» **What is needed**
From the listing that follows, report the number of lines with the word "Converse" in them, and no other output.
━━ Records supplied ━━
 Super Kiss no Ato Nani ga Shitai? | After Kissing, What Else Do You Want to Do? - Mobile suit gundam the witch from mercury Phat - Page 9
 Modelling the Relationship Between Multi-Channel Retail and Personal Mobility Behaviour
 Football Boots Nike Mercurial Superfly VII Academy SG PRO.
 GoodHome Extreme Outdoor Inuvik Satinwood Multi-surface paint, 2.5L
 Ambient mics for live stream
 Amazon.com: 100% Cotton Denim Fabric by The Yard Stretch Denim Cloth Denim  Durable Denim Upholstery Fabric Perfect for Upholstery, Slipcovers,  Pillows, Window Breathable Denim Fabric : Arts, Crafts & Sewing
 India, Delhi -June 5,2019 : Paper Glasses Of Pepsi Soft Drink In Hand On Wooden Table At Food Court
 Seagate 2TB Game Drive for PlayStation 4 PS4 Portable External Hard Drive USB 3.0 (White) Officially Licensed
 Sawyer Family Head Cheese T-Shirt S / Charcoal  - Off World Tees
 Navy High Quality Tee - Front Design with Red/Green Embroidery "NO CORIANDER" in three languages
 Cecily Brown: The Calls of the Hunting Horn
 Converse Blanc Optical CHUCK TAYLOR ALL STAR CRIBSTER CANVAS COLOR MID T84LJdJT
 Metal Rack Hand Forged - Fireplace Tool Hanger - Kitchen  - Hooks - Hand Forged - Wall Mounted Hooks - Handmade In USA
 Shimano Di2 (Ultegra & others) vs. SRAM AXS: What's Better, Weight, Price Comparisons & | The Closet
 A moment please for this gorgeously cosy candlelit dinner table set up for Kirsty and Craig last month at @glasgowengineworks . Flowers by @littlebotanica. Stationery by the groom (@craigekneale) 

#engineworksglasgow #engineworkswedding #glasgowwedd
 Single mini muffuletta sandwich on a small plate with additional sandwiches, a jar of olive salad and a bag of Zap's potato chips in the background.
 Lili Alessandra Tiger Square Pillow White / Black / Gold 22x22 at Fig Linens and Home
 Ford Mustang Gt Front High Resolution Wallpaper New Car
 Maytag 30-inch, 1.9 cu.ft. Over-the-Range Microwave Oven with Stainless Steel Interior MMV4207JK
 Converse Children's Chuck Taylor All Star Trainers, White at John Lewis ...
━━━
» **Output of the task**
2